Machine Bullshit: Characterizing the Emergent Disregard for Truth in Large Language Models
This addresses a systematic challenge in AI alignment for researchers and developers by characterizing truthfulness issues in LLMs, though it is incremental as it builds on prior work on hallucination and sycophancy.
The paper tackles the problem of emergent disregard for truth in large language models (LLMs) by proposing machine bullshit as a conceptual framework and introducing the Bullshit Index to quantify it, finding that reinforcement learning from human feedback (RLHF) significantly exacerbates bullshit and chain-of-thought prompting amplifies specific forms like empty rhetoric and paltering, with prevalent bullshit observed in political contexts.
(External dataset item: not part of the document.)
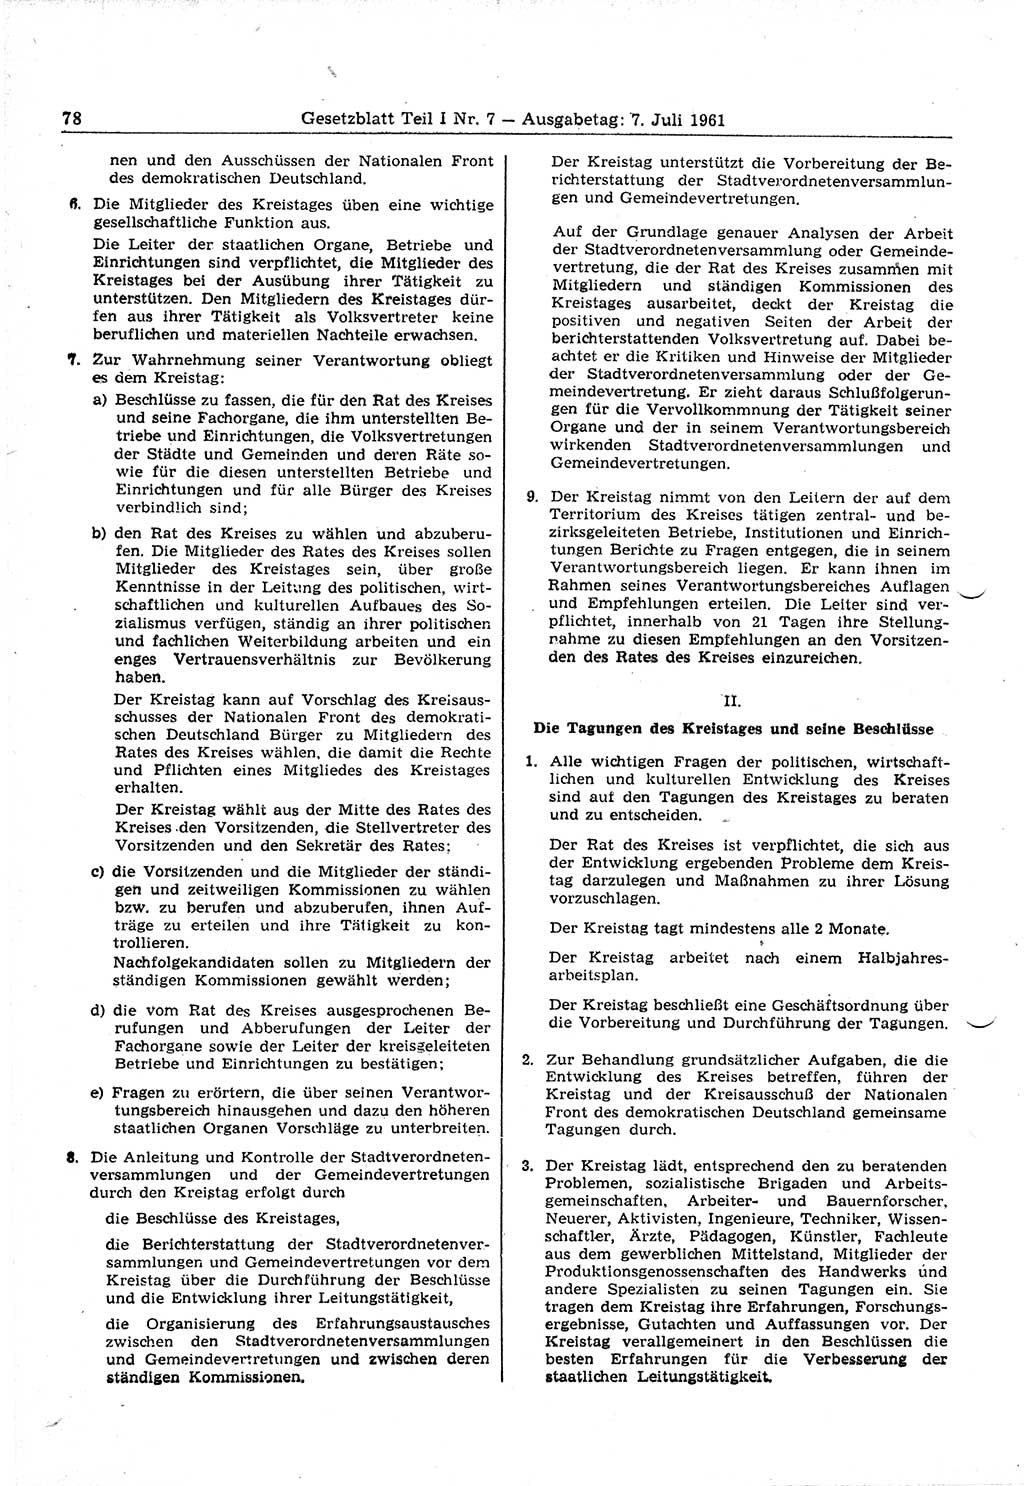 Gesetzblatt (GBl.) der Deutschen Demokratischen Republik (DDR) Teil Ⅰ 1961, Seite 78 (GBl. DDR Ⅰ 1961, S. 78)

Bullshit, as conceptualized by philosopher Harry Frankfurt, refers to statements made without regard to their truth value. While previous work has explored large language model (LLM) hallucination and sycophancy, we propose machine bullshit as an overarching conceptual framework that can allow researchers to characterize the broader phenomenon of emergent loss of truthfulness in LLMs and shed light on its underlying mechanisms. We introduce the Bullshit Index, a novel metric quantifying LLMs' indifference to truth, and propose a complementary taxonomy analyzing four qualitative forms of bullshit: empty rhetoric, paltering, weasel words, and unverified claims. We conduct empirical evaluations on the Marketplace dataset, the Political Neutrality dataset, and our new BullshitEval benchmark (2,400 scenarios spanning 100 AI assistants) explicitly designed to evaluate machine bullshit. Our results demonstrate that model fine-tuning with reinforcement learning from human feedback (RLHF) significantly exacerbates bullshit and inference-time chain-of-thought (CoT) prompting notably amplify specific bullshit forms, particularly empty rhetoric and paltering. We also observe prevalent machine bullshit in political contexts, with weasel words as the dominant strategy. Our findings highlight systematic challenges in AI alignment and provide new insights toward more truthful LLM behavior.